[darcs-users] [patch374] the state of the adventure

Fri Sep 3 07:19:13 UTC 2010

Hi,

Max Battcher <me at worldmaker.net> writes:
>> 5) the tests pass, although I had to remove one --xml
>>
>> For point 5, I don't think we should really retain annotate --xml. My guess is
>> that a simple regular language would be much better for both us and darcs-using
>> tools. At least Lele (tracdarcs) agrees.

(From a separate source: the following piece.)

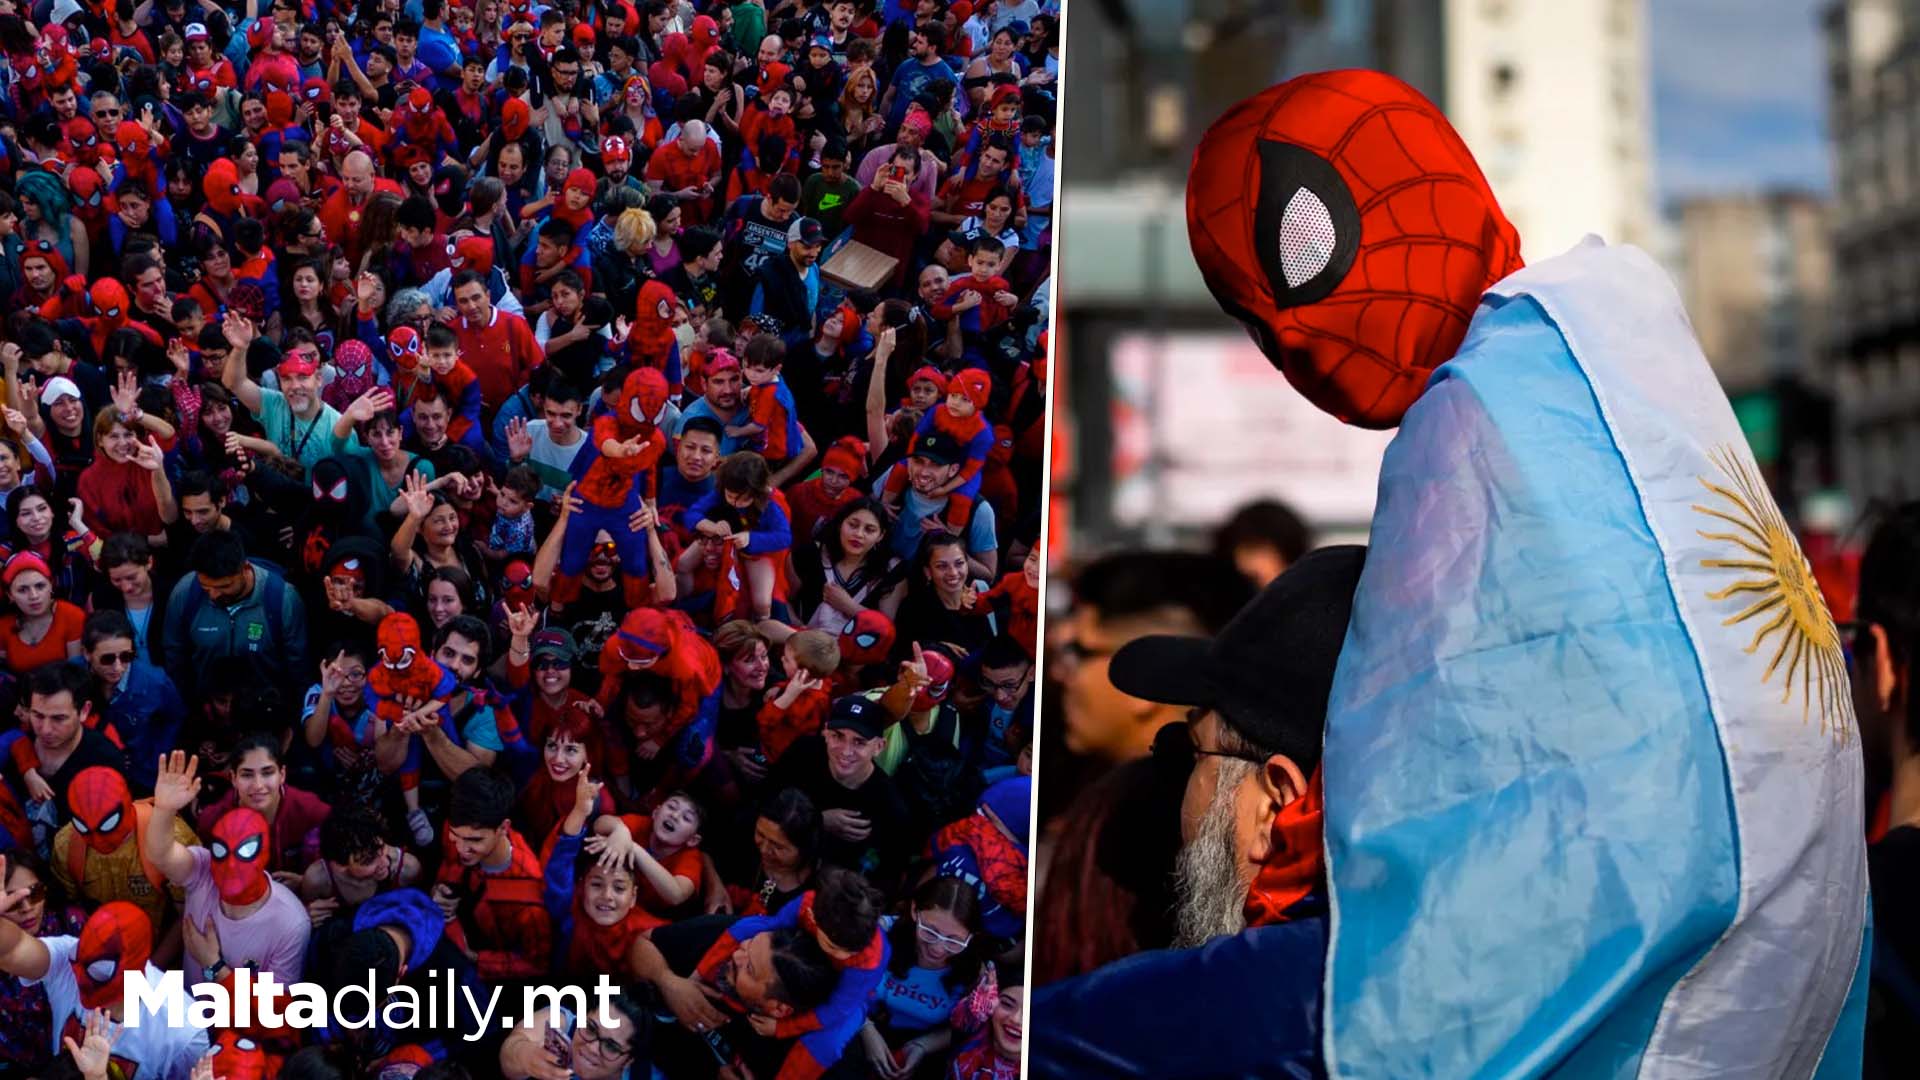 Over 2,000 In Spider-Man Costumes In Argentina For World Record
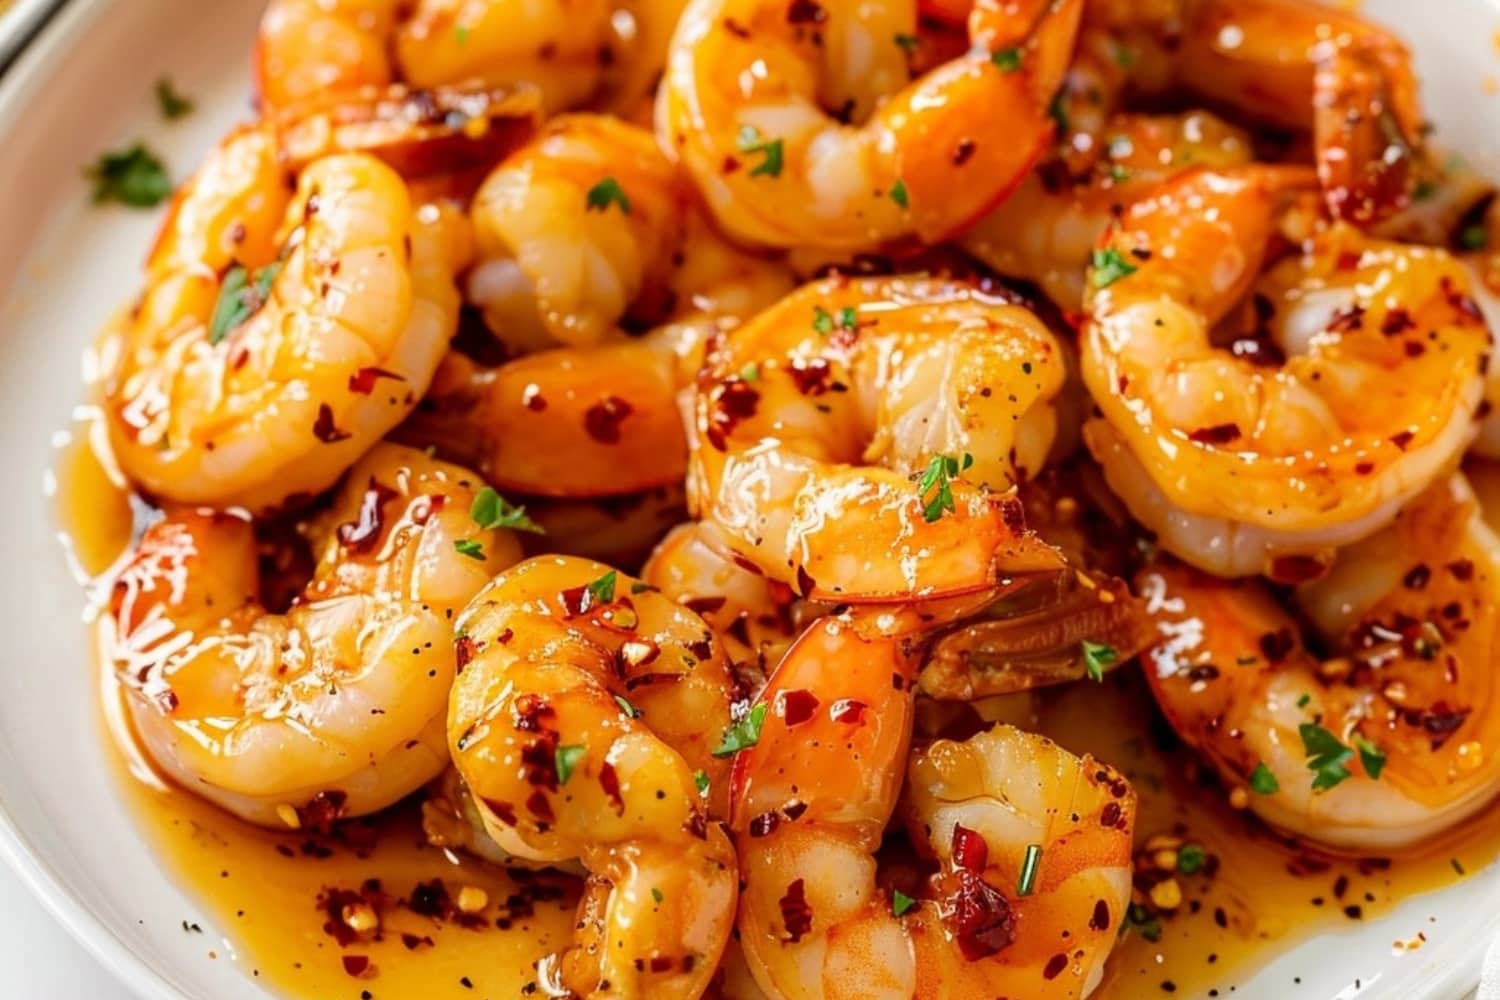 Honey garlic shrimp with pepper flakes served on a white plate.

The proposed format (to be
>> implemented) is
>>
>> <patch-hash>  | line of text
>> <patch-hash>  | another line
>> ...
>>
>> which is much easier to parse than the XML and also avoids the validity issues
>> (since we currently don't have code that'd enable us to generate actual valid
>> XML).
>
> Hmm... I'm not sure removing --xml is a good idea in the long-term. No matter
> how easy to parse the output is on day one, it isn't guaranteed to stay that
> way and eventually you get into compatibility fights between those that wish to
> keep the output parse-able (particularly with older tools) and those that want
> "prettier" output for humans. That is never a good place to end up.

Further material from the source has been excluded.